ひかりの讃歌 後編


 今の部室の空気に耐えるのは、精神にかなりの摩耗を伴った。特に涼宮さんと朝比奈さんのダブルコンボは、ただでさえ滅入って参っている僕の心を存分に痛めつけてくれた。
 彼の存在が危うくなっているとは、朝比奈さんも既に耳にしたのだろう。もうメイドルックを纏うことすらなく、ただただぼんやりと窓の外を眺めて、真っ赤になった目を隠そうともせずに、涼宮さんの問いかけにだって上の空で答えている。
「ねーみくるちゃんてば。もう、一体なんだって言うのよ!」
「はい……すみません……」
「メイドじゃないみくるちゃんなんてここにいたって意味ないのよ! もーっ、いいわ! もう今日は帰ってよし!」
 涼宮さんの怒号響き渡る中、朝比奈さんは無言で立ち上がると、そのまま鞄も持たずにふらふらとドアに向かう。そのまま開いていないドアに激突し、しかし何の反応も示さないまま、心もとない足取りで部室を後にした。
 涼宮さんもしばらく呆然と一部始終を見ていたが、すぐに我に返り、声を荒げながら地団駄を踏んでいる。
「ほんと、なんなわけ!? ああなんか苛々する。カルシウム不足かしら。ちょっと購買で牛乳買ってくるわ」
 部室棟の廊下に重厚な音を鳴らして彼女も部室を出てゆき、ちょっとした静寂が訪れた。本のめくれる音だけが、緩やかに響いている。

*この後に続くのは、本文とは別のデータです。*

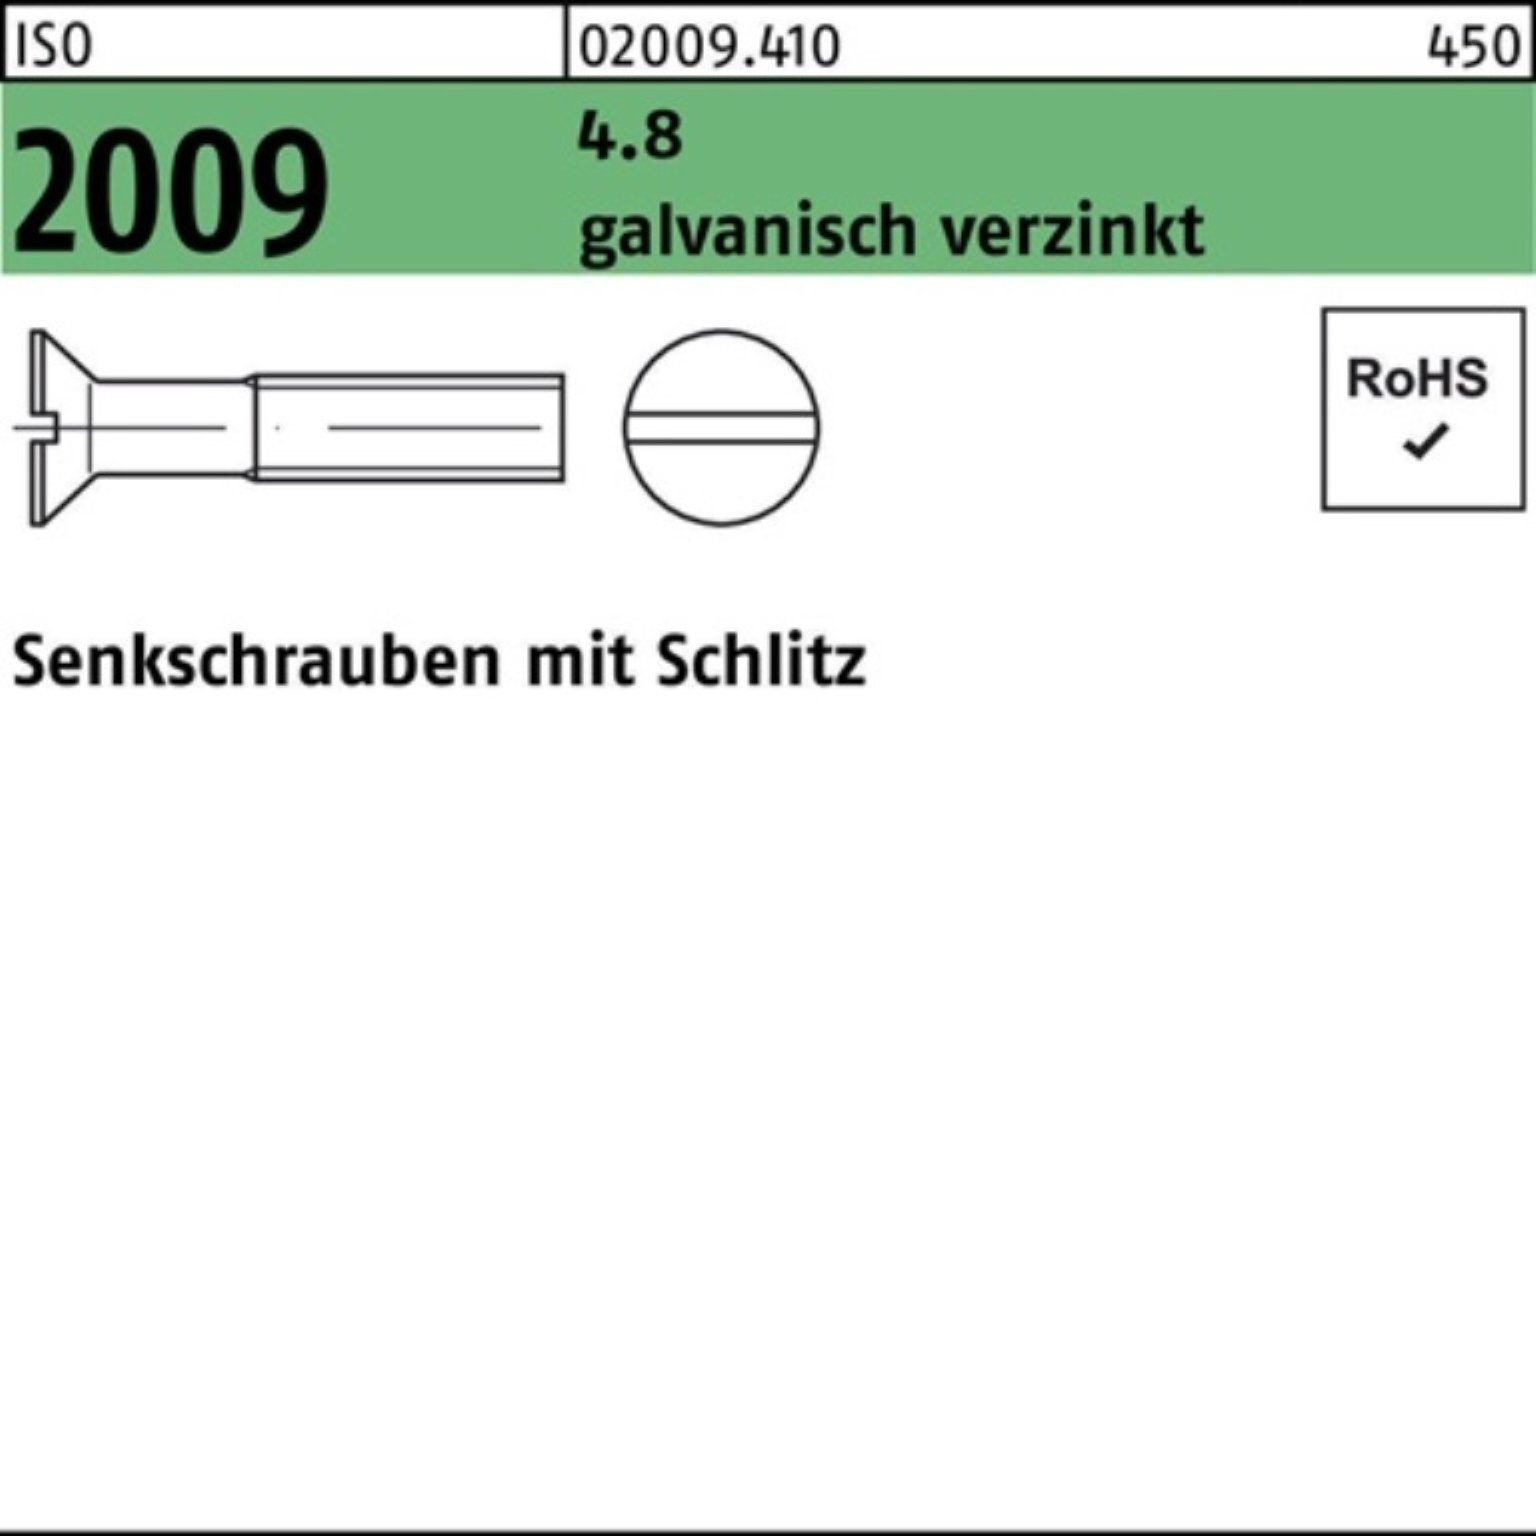 200 Pack galv.verz. M3x 2009 200er St 50 Senkschraube Senkschraube Schlitz 4.8 ISO Reyher

 窓から見えるすっかり葉の落ちた中庭の植樹から、長机の一番隅に席を構えた長門さんに、僕は視線を移した。
「……長門さん、僕はどうしたら? あのメールだけでは何も分かりません。せめてもう少し具体的に」
 彼女は本に目を落としたまま、小さな声で言葉を重ねた。
「あなたがするべきことは一つだけ。彼女に、彼の話をすればいい」
「彼の、話? だって、彼女は覚えてないんでしょう。一体それに何の意味が」
「意味はある。必ず、そこに意味は生まれる。彼女の記憶を揺さぶることができるのは、あなただけだから」
 僕はますます分からなくなってしまう。そんなことで、ほんとうに彼を助けることができるのか? 
 彼女はページを繰る手を止めようとしない。これ以上訊いたって、きっと理解できる答えは得られないだろう。生温い絶望感に襲われる。いくら理屈をこねたって、答えに辿り着ける自信はなかった。

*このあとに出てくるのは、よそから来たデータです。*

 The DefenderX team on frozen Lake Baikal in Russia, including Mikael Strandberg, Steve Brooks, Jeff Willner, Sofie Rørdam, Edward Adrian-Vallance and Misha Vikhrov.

 ぱたんと、本を閉じる音が鳴る。目を上げると、鞄を手にした彼女が映った。
「帰るんですか」
「そう」
「涼宮さんは」
「二人で話をして」
 あの不機嫌な彼女と、二人きりで? 僕は思いっ切り眉根に皺を寄せて、彼女に恨めしげな視線を投げかけた。もしこれ以上涼宮さんの機嫌を損ねたりしたら、それこそ彼のいる世界を、すぐにでも消滅させかねないではないか。今の僕は何を言っても、彼女を非難する言葉しか出てこない気がする。とてもじゃないが冷静に、彼の話などできそうにない。しかし彼女は外へ向かう足を止めようとしない。
 最後に一度だけこちらを振り向くと、
「あなたの思うままに」
 そう言って長門さんは扉を閉ざした。

 それから五分と経たない内に、涼宮さんは戻ってきた。あまり立て付けがよいとは言えない古びた扉を、一番酷使しているのは彼女だ。あんまり無体な開け方をするせいで、蝶番の辺りから木片がぼろぼろと崩れてきていることに、未だ彼女は気づいていない。
「ただいまっ。ああ寒い! 全国の高校は私立公立問わず、今すぐ全館冷暖房完備にすべきだわ。あれ、有希は?」
 眉毛を逆はの字にしながら入り口で仁王立ちになっている涼宮さんは、部室をさっと見回してから、ますます眉尻を吊り上がらせた。
「帰られましたよ。用事があるとかで」
 長門さんの無断早退に、彼女はてっきり怒りを露わにするのかと思いきや、表情を崩したその口調に棘はなかった。
「なんだ。……なんかやる気ないわね、最近」
 団長席までまっすぐ歩を進め、スリープ状態のパソコンを起こすと、彼女はさして興味もなさそうな顔でネットを徘徊し始める。僕は彼の席に座り、読む気も起きない文庫本のページを目でさらっていた。
 そういえばここで涼宮さんと二人きりになるのは初めてではないだろうか。意識しだすと、変に緊張感を覚えてしまう。それを隠すみたいに、僕は笑顔を絶やさない。しかし口調だけは繕いきれなかった。多少の刺々しさを自覚しながら、僕は彼女に言った。
「しようがないですよ。近頃皆さん、落ち込んでいるので」
 瞬間、彼女はさっと表情を曇らせ、深刻さを含んだ声で呟くように問いかけてくる。
「……何かあったの?」
「ええ、まあ」
 言葉を濁した僕を、彼女は不審げな目つきで眇めた。あったどころか、彼女が引き起こした事態である。真実を言う訳にはいかないが。代わりに僕は尋ねる。肯定を得られるはずのない、無意味な質問を。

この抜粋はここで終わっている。